When I asked this couple about their emergency fund, they said they had $3,000 in it but were slowly working their way to a $10,000 savings goal. They felt that $10,000 would cover 4-5 months of expenses. Jamie and Kristyn don’t have any credit card debt, but they are paying off student loans and paying down their mortgage. They are keeping the fund in a high yield savings account just so that it earns a little bit of interest and is easily accessible. They do have retirement accounts but are not currently contributing to them at this time due to their tight budget. However, Jamie’s job does contribute 4% each year to his retirement account, so it is slowly growing. They plan to “catch up” on retirement savings once their children are in school and Kristyn can return to full-time employment.

Couple #2’s Emergency Fund

Chuck and Tom, both in their late 20s, live in California. Chuck has a high paying job and consistently gets raises, but Tom earns a low hourly wage. He is seeking more permanent full time employment at this time. Their emergency fund currently has $780 in it with a goal of keeping it at $1,000 at all times. They know this is “low” as far as emergency funds go, but they have multiple savings buckets for Christmas, a house downpayment, travel, etc. They recently used a large chunk of their emergency savings to pay for a car insurance deductible after an accident and are slowly building it back up. They also have separate retirement accounts that they max out every year.
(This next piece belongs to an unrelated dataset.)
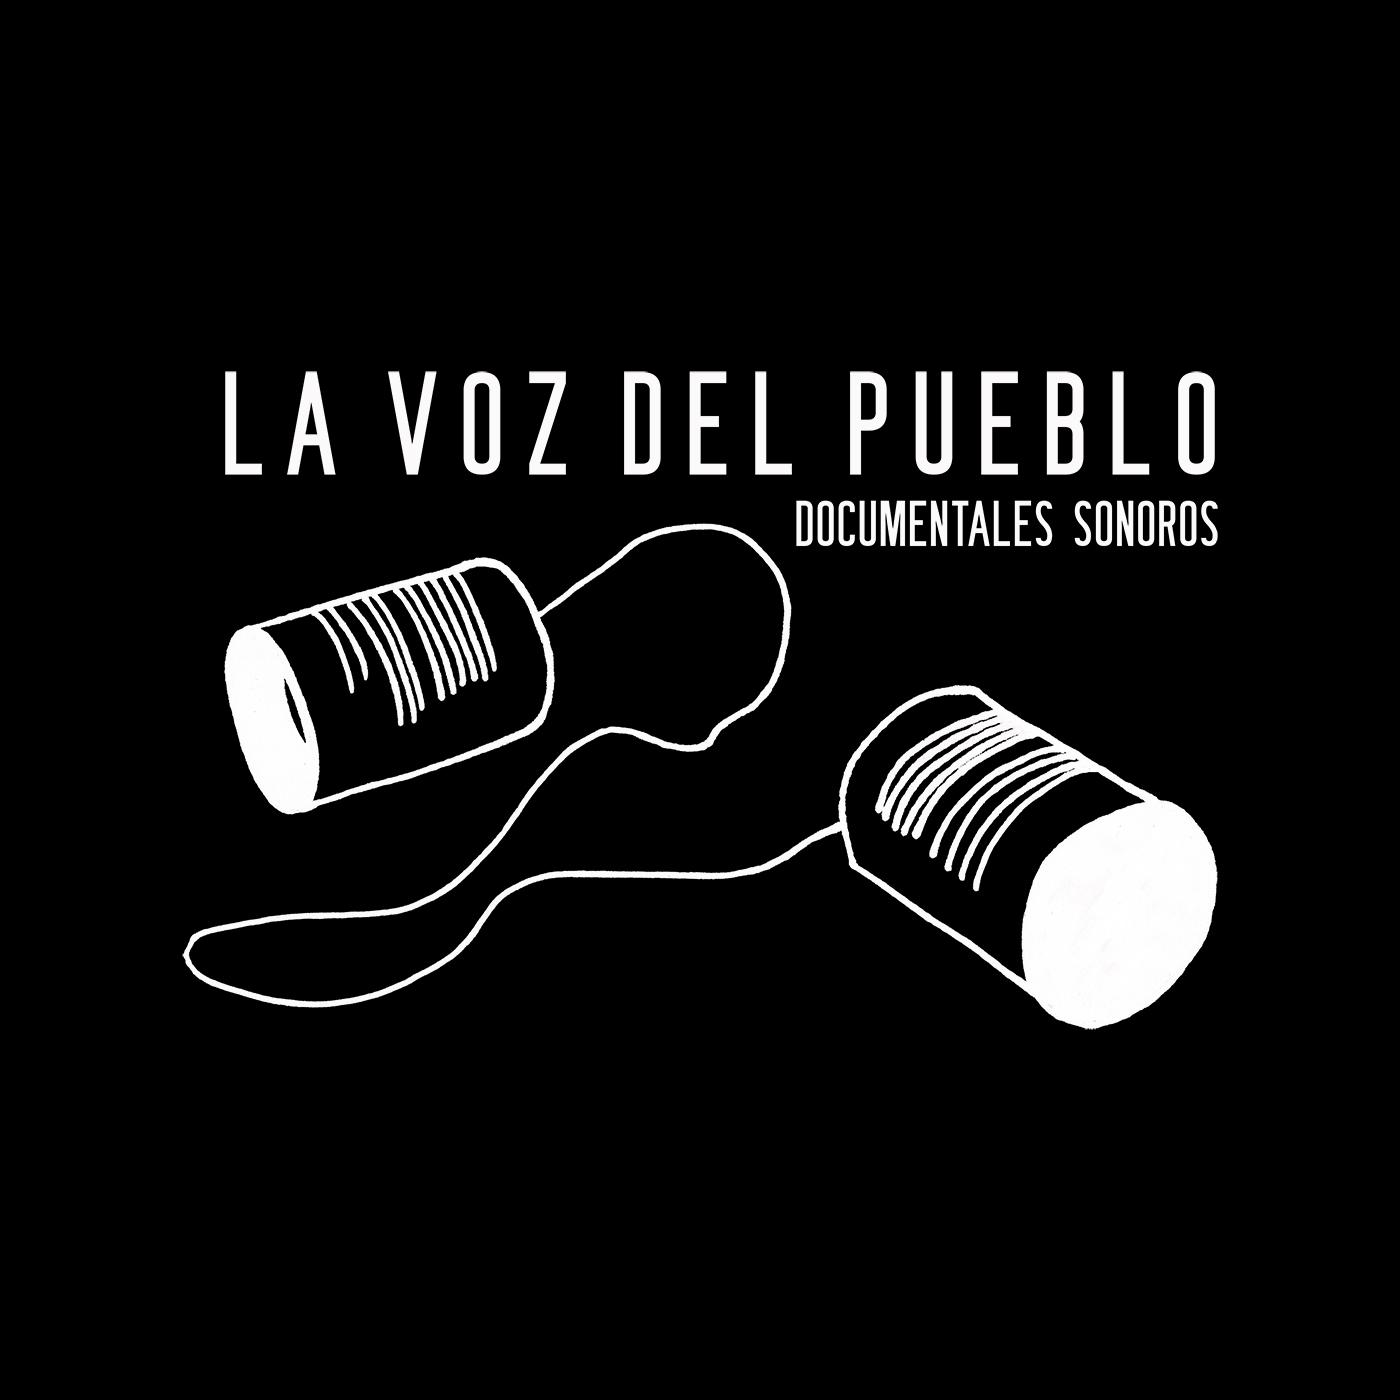 """#LaVozDelPueblo - Un podcast narrativo sobre distintas fuerzas y perspectivas sobre el """"ser pueblo""""."""

Because Chuck’s job is stable and the couple has no children, they have a fairly low level of uncertainty, justifying a smaller emergency fund.
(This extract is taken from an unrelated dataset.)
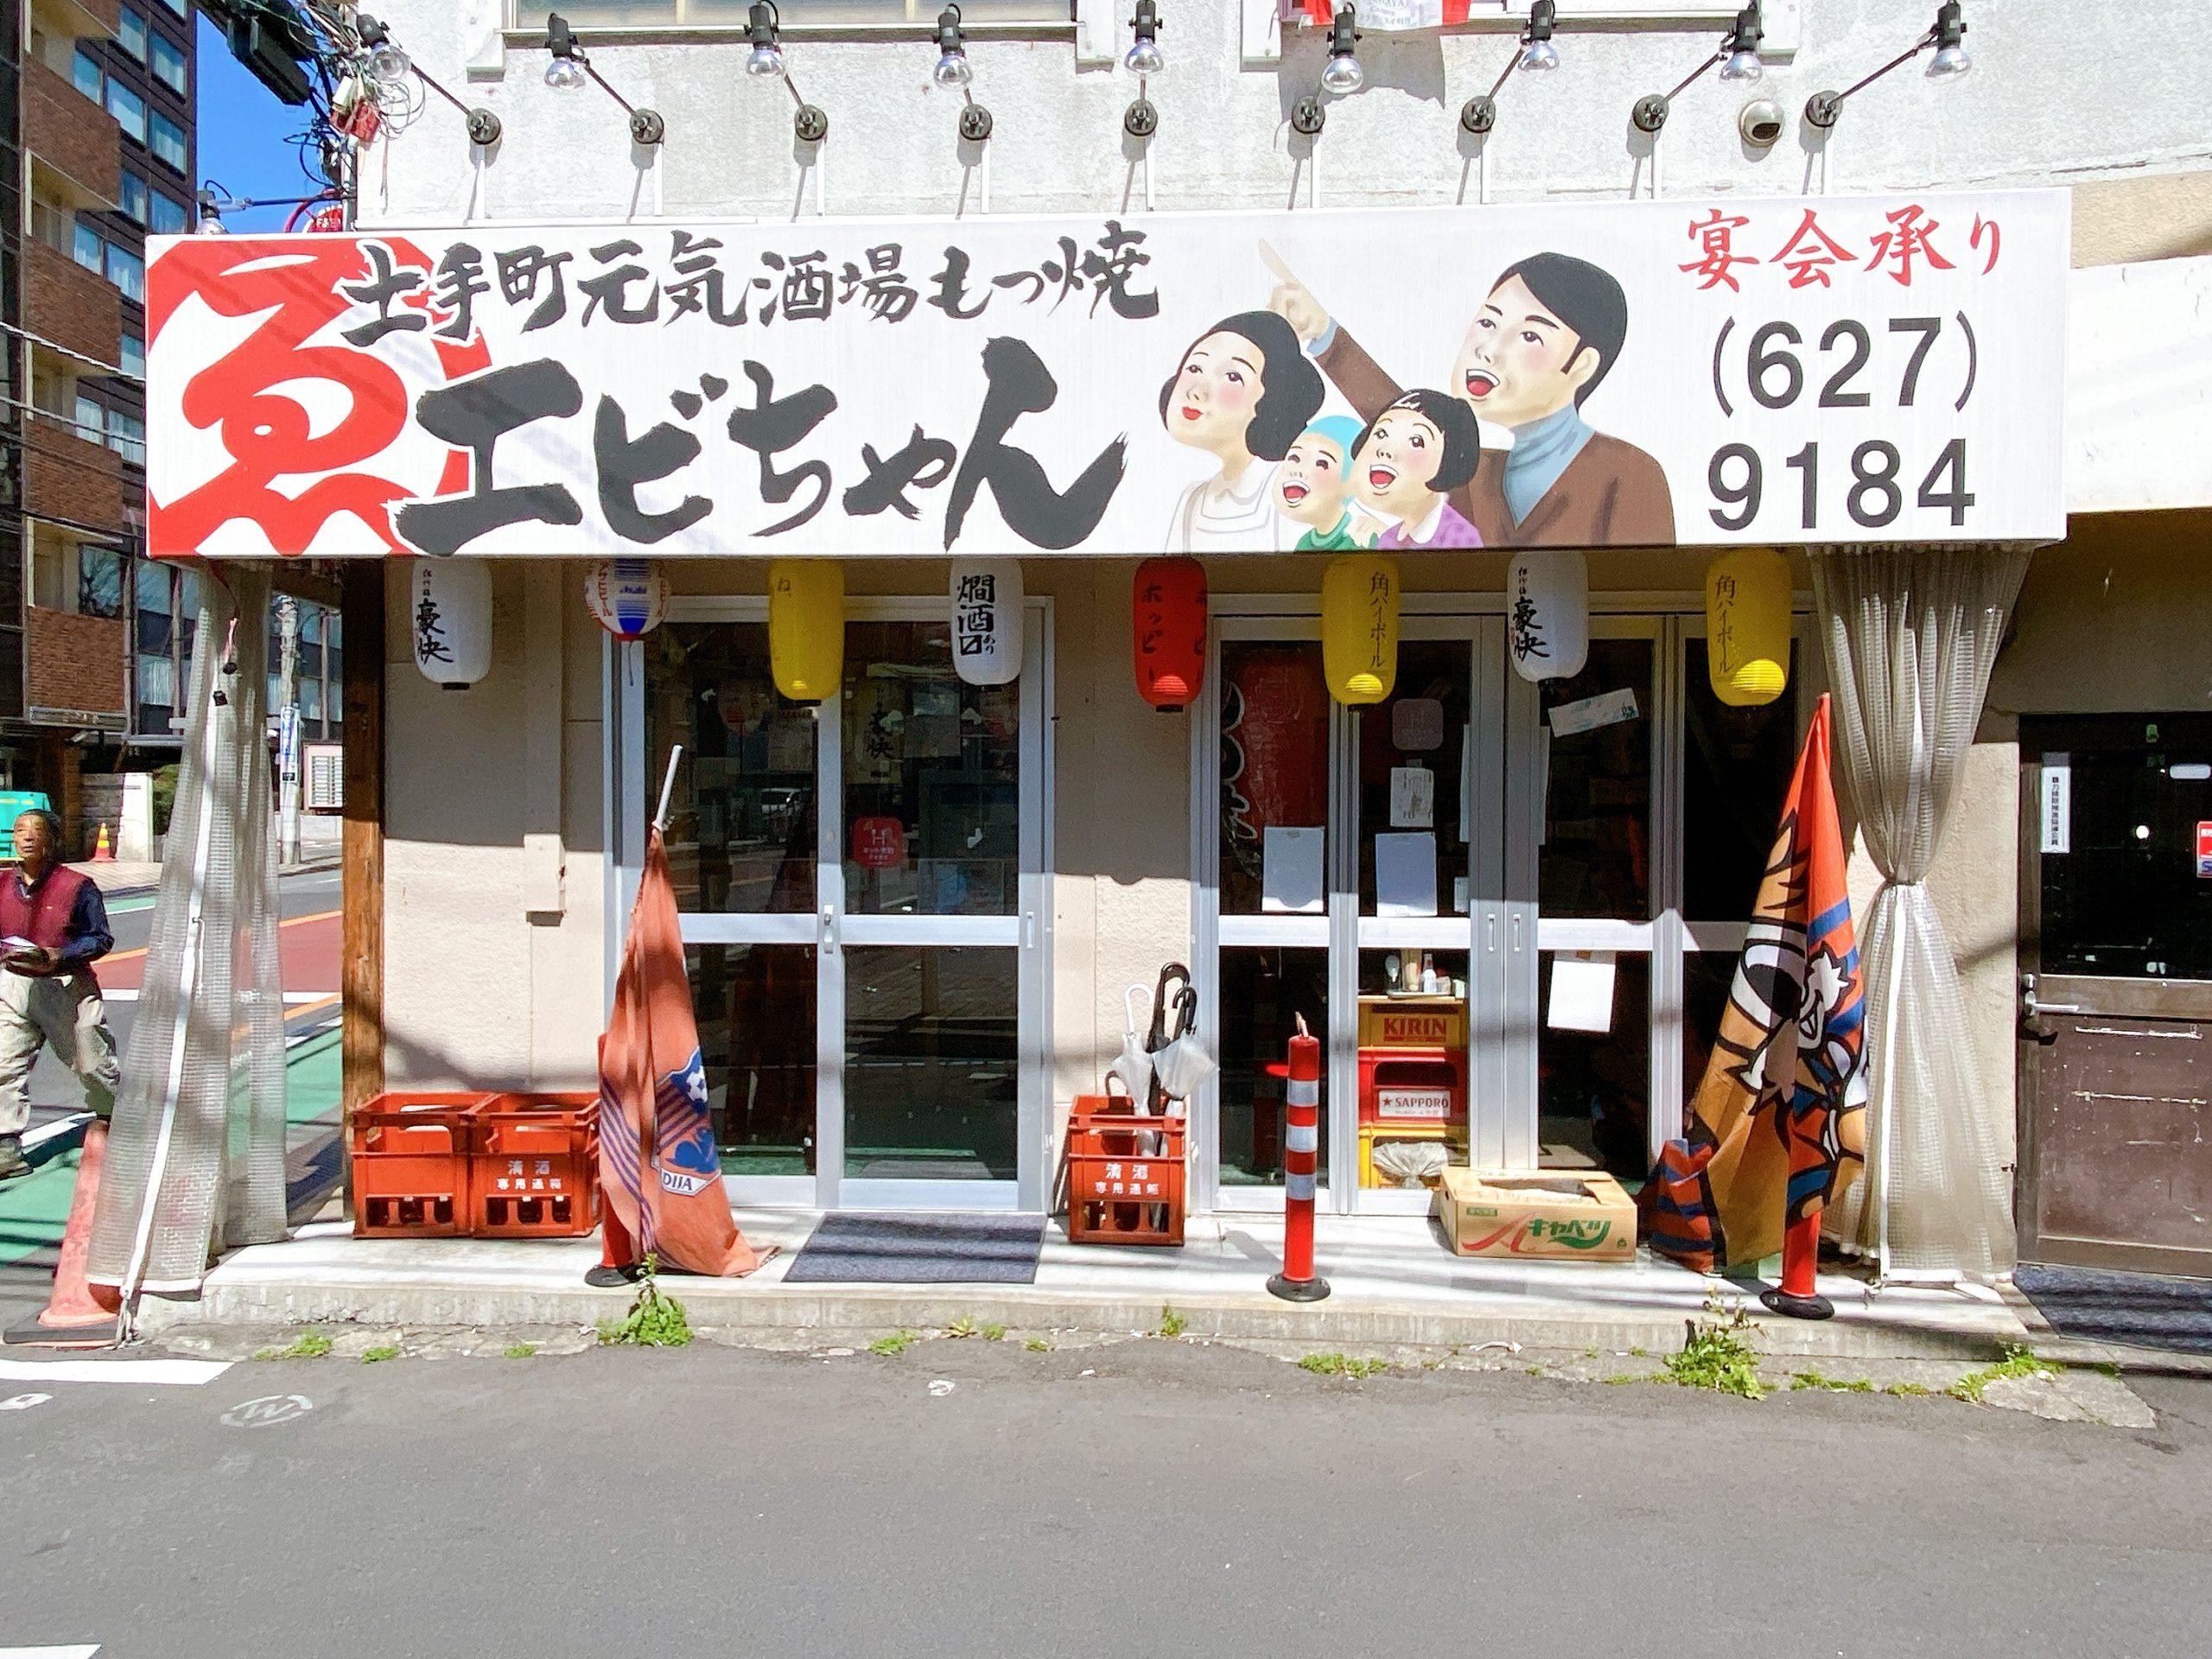 大宮区土手町 旧中山道 元気酒場もつ焼きエビちゃん

Couple #3’s Emergency Fund

Canadian couple Ellen and Steve are professionals who both work full time in addition to having side hustles. Their three children are out of the house, and they have $132,000 saved up for emergencies, which would definitely cover them for a year or more if necessary. It would also enable them to retire a little bit earlier if they don’t have to dip into it in the near future. Their emergency savings are in an easy to accessible, liquidable account that is separate from their retirement savings. They own their home, and their net worth is over half a million Canadian dollars.
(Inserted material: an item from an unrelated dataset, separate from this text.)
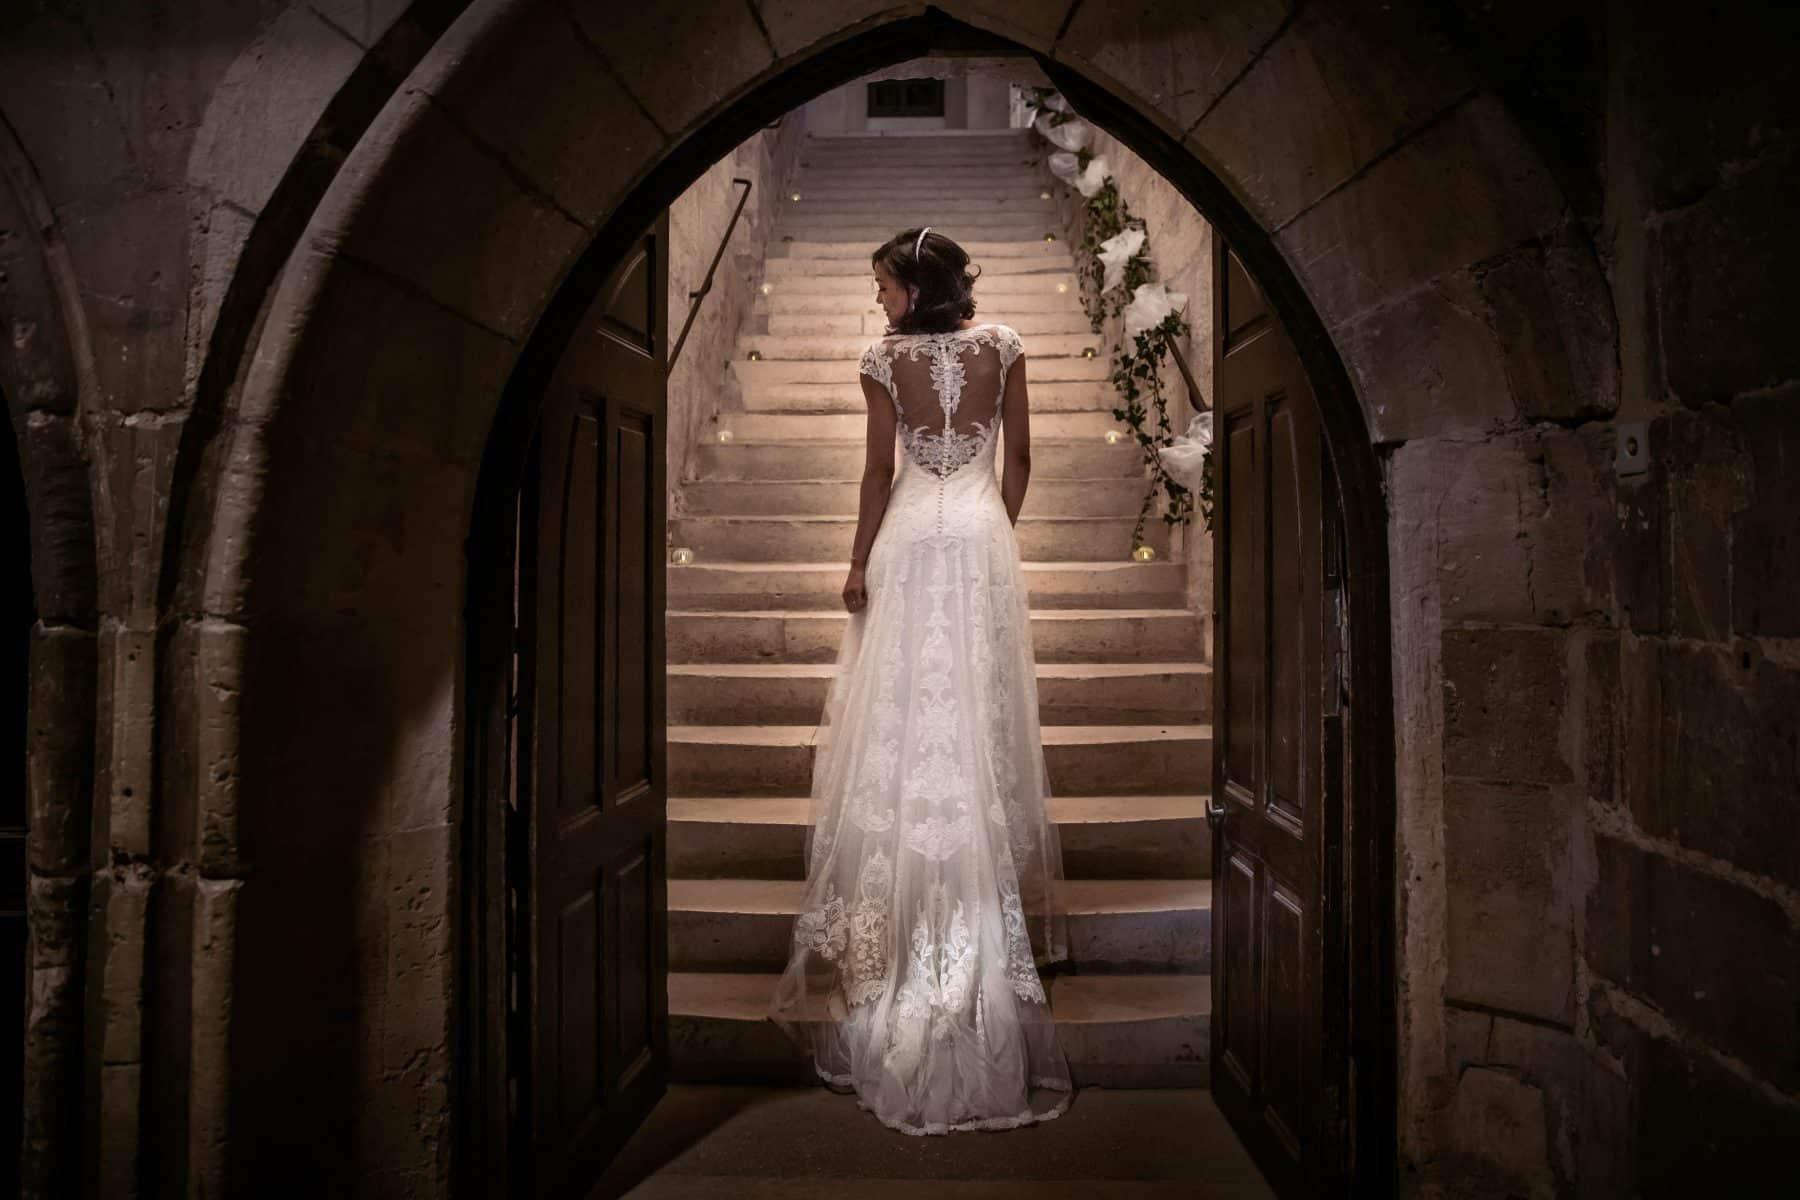 elopement photographer paris, paris elopement photographer, wedding photographer paris, wedding in france, photographer wedding france, love session paris

Couple #4’s Emergency Fund

Alison and Pete are expats living outside of the United States. They do not have children.  The husband is a student and the wife has a university teaching position. They live off of student loans and the wife’s income, which has allowed them to amass a $5,000 emergency fund and a $1,500 general savings fund. They are also diligent about transferring $250.00 a month to a high yield savings account to pay for vacations and other large purchases. The $5,000 emergency fund is primarily to cover a situation where both of them would have to fly back to the United States for a family issue or medical emergency. While they have medical evacuation insurance, it does not cover all issues. This couple had a small retirement savings, but liquidated it to be able to afford to move outside of the country and pay for school expenses. They are both in their early 30’s and plan to start investing heavily when the husband finishes school.

***

Regardless of the amount of money that you can save, the most important thing is that you are actually taking the steps to do so. Emergency funds not only help you if something goes wrong, but they also provide a good backup so that you can break the cycle of credit card debt and feel secure that you will be taken care of in a worst case scenario. 

Do you have an emergency fund? If so, how much do you try to save in it?